I don't think items can be really "rare" at this point. People are willing to time travel for items only available on specific holidays. People are also willing to dupe one-time DLCs.


----------



## Byngo (Jan 13, 2014)

I would say any of the zodiac items are some are the rarest, because not very many people will travel years ahead. o;


----------



## J087 (Jan 13, 2014)

Twisted Circuits said:


> I think the berliner would be one.  You have to have the German 3DS and a German game.  Add to that, you only get it on New Years.



I obtained several Berliners actually and I don't own a German game nor DS. I also obtained the grapes, tweeter and juice without visiting other towns.

To define what's rare you'll have to give a definition of what you feel is rare. Items that can only be obtained on a certain day shouldn't be considered rare since time travelling will enable you to obtain as many as you'd like. *What I would define as rare are unorderable items from foreign games*, specifically Japanese and Korean, since not that many players in the Western world (or this community) own them. For example the Korean new year item Bell Knicknack or the somewhat easier to obtain Japanese New Year Noodles.

The Zodiac set shouldn't be considered rare since they can be obtained in all games. The horoscope set shouldn't be considered rare since it's orderable. One might even say the special items sold only on Club Tortimer islands are rare, since they can't be ordered, time travelling is no guarantee that you will obtain one, and you can't invite others to visit the island.


----------



## Hyoon (Jan 13, 2014)

I'll add in the cardboard/sloppy stuff since it's pretty hard to obtain. I think it's even harder than island stuff. I've only ever ran across 1 sloppy item in my Re-tail and there's no method to make them appear either. :/


----------



## a potato (Jan 13, 2014)

I'd say the sea bass is pretty rare in ACNL.


----------



## J087 (Jan 13, 2014)

mochichou said:


> I'll add in the cardboard/sloppy stuff since it's pretty hard to obtain. I think it's even harder than island stuff. I've only ever ran across 1 sloppy item in my Re-tail and there's no method to make them appear either. :/



I have to agree on that. I never had one in my hands so it slipped my mind.


----------



## FireNinja1 (Jan 13, 2014)

a potato said:


> I'd say the sea bass is pretty rare in ACNL.



Best joke of the week.

Nothing's rare. If it's somewhat commonly circulating on Re-Tail, it's not rare.


----------



## Superpenguin (Jan 13, 2014)

Ken


----------



## unravel (Jan 13, 2014)

Weeds are one of the RAREST item in acnl.


----------



## BungoTheElf (Jan 13, 2014)

ITookYourWaffles said:


> Weeds are one of the RAREST item in acnl.



RAFFLESIA


----------



## Xela (Jan 13, 2014)

So how do you actually get sloppy items?


----------



## BungoTheElf (Jan 13, 2014)

not589 said:


> So how do you actually get sloppy items?

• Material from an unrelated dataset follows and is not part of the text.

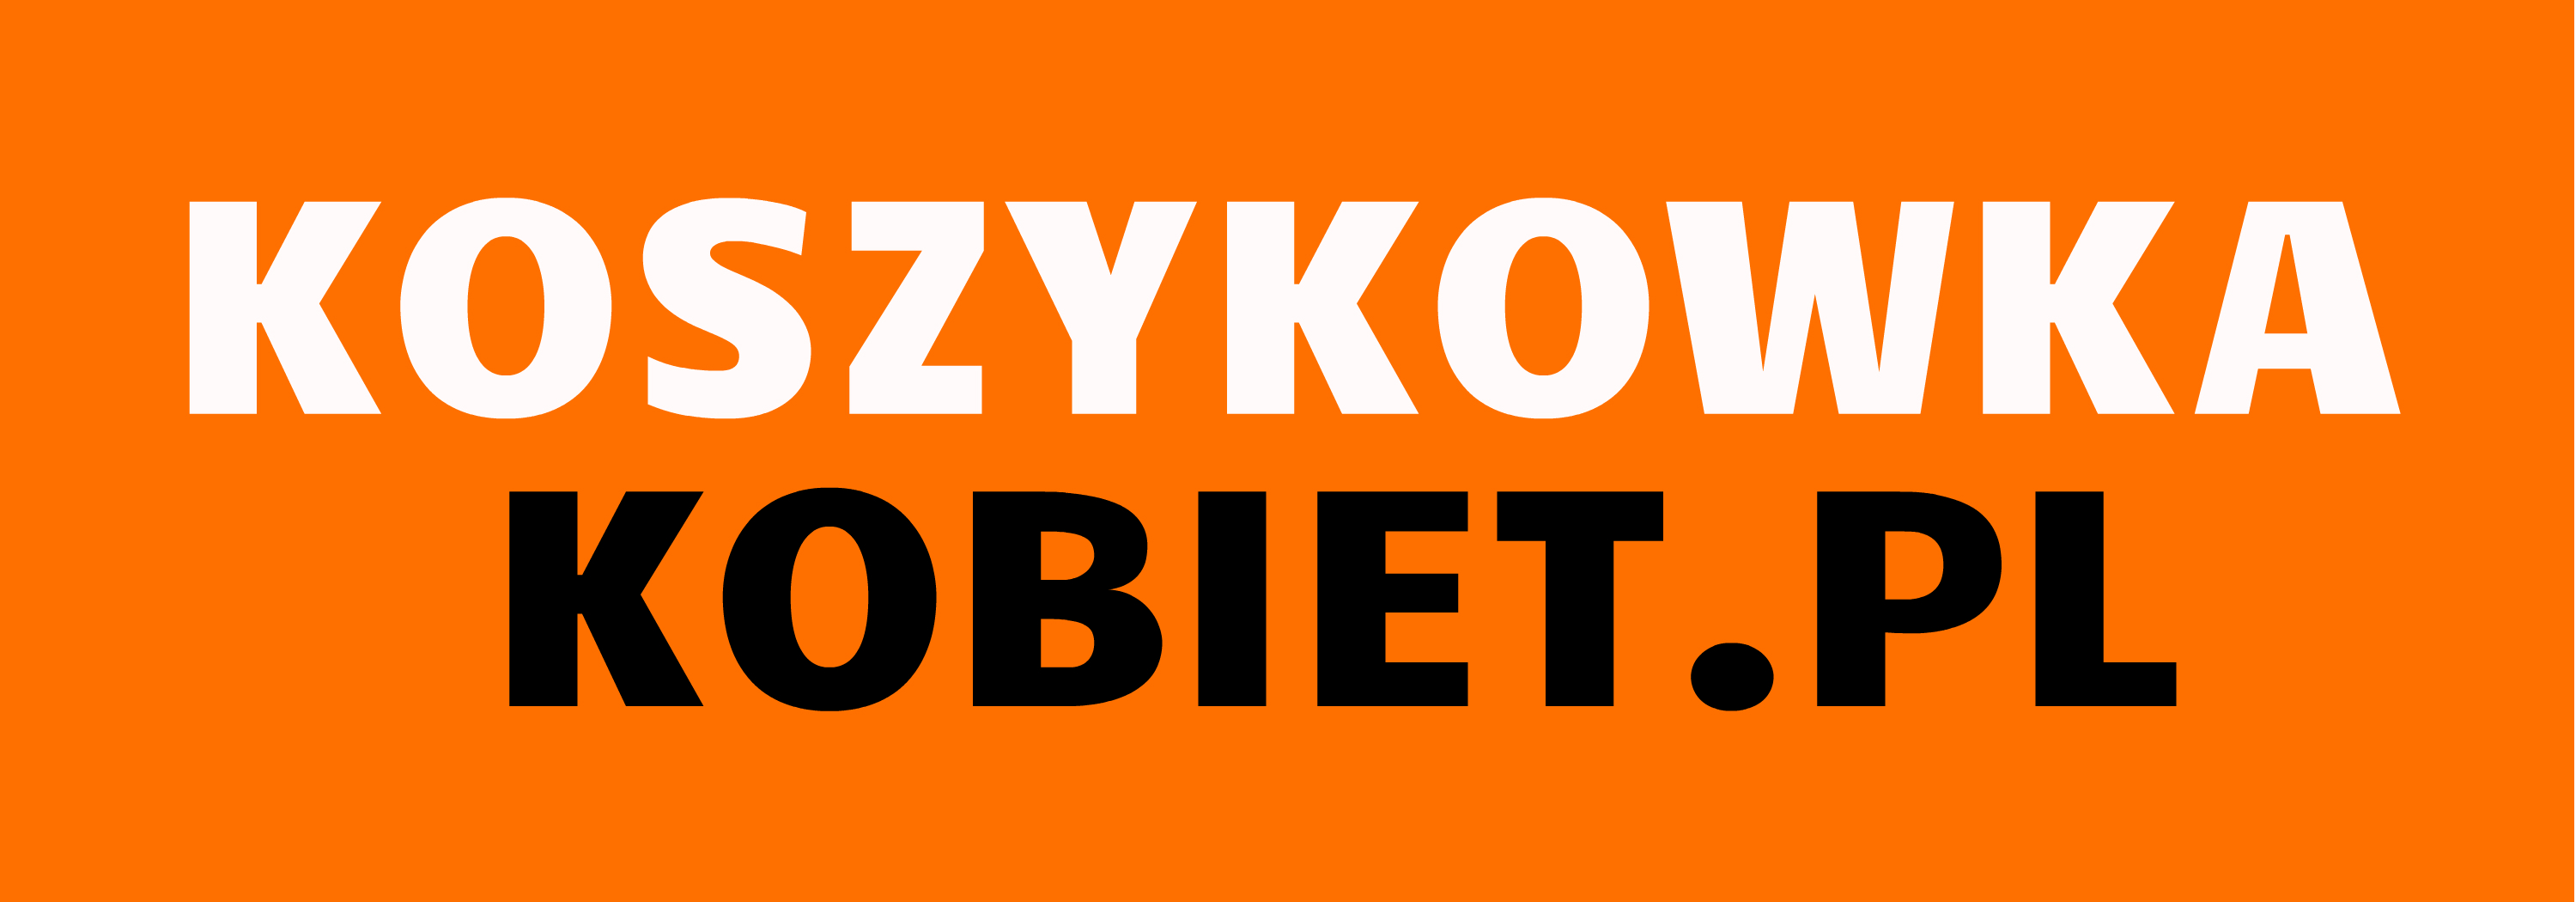 Portal koszykowkakobiet.pl naszym partnerem medialnym
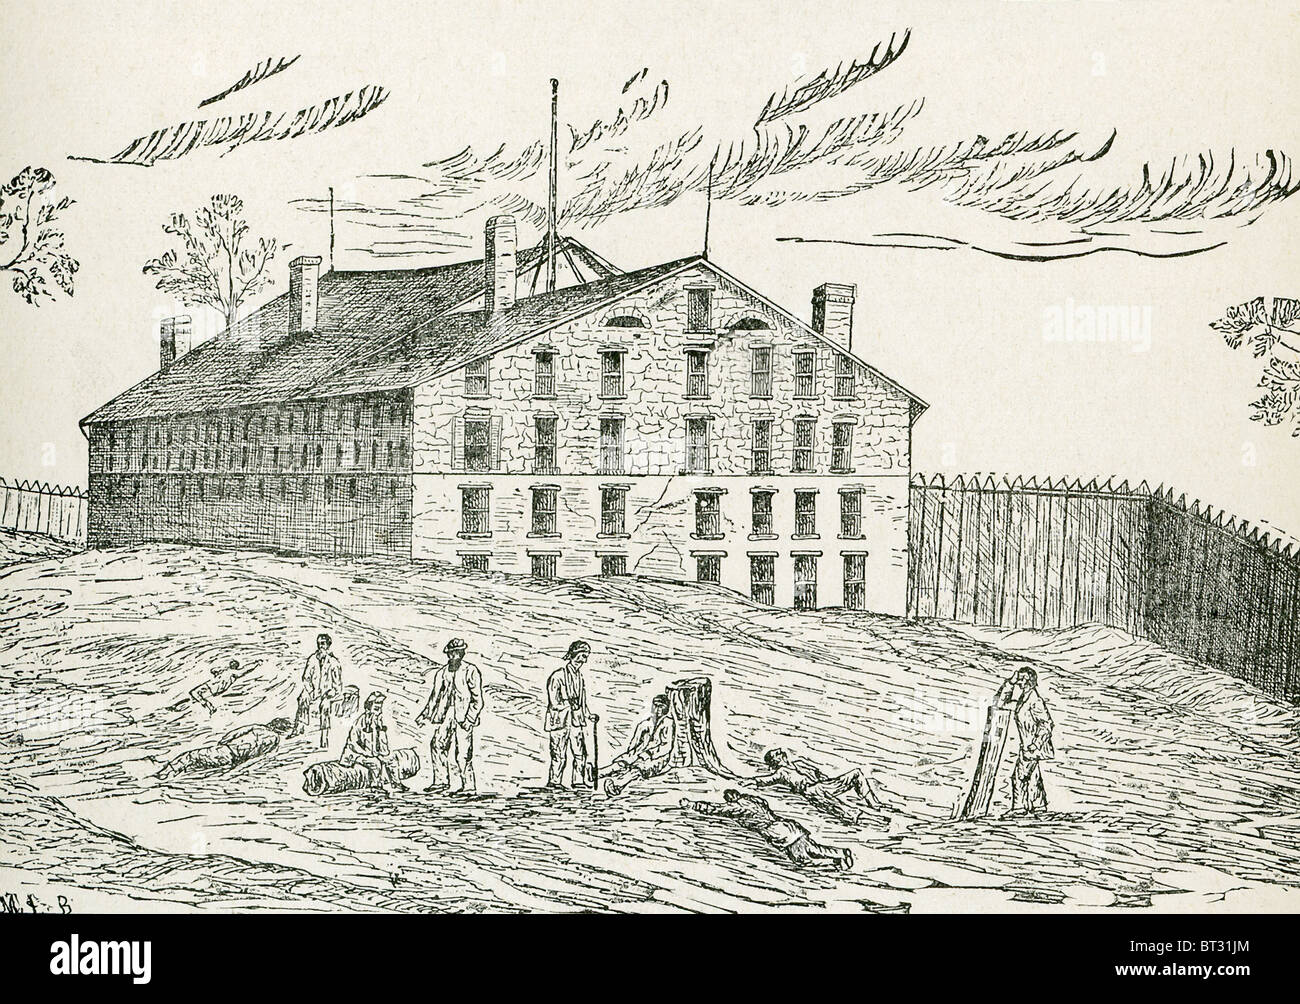 Libby Gefängnis, erbaut 1845-1852 in Richmond, Virginia, wurde von den Eidgenossen während des amerikanischen Bürgerkrieges verwendet. Stockfoto

From re-tail (flea market) or a villager with it in their house!


----------



## unravel (Jan 13, 2014)

lynn105 said:


> RAFFLESIA



^ No. 1 rarest weed in ACNL!


----------



## Superpenguin (Jan 13, 2014)

ITookYourWaffles said:


> ^ No. 1 rarest weed in ACNL!



It's a flower.


----------



## Xela (Jan 13, 2014)

And it's very rare?

I had Mott. He had a full sloppy room.


----------



## Miss Renee (Jan 13, 2014)

not589 said:


> So how do you actually get sloppy items?



When I was doing villager cycling, sloppy pieces seemed to appear pretty frequently in Re-Tail.


----------



## Xela (Jan 13, 2014)

My Re-Tail sucks. It rarely updates.


----------



## Jinglefruit (Jan 13, 2014)

I'd say the rarest items would be the Korean only DLC / holiday items. They're pretty difficult to come by people trading.


----------



## lilylily (Jan 13, 2014)

not589 said:


> My Re-Tail sucks. It rarely updates.



mine never used to update until i, er, "encouraged" my villagers to buy things by pushing them until that "ping!"-sound appeared. then i talk them into stuff they actually don't really need but i want gone because i don't need them either. new items now appear one or two days after the old one was sold. 

i don't know if that actually helps you but it works for me. 

anyway, to answer the question - i'd agree with others that it would probably be the korean dlcs who are the rarest, followed closely by the japanese ones.


----------



## monochrom3 (Jan 13, 2014)

I'd say the Japanese/Korean DLCs since they're distributed pretty long ago but they might be very common on their own places(Japan and Korea).

I guess the sloppy/cardboard series are the rarest since you can't get those by regular means and they're unorderable.


----------



## Mookie (Jan 13, 2014)

The black/tricky pitfall. Only turns up randomly in police lost and found. 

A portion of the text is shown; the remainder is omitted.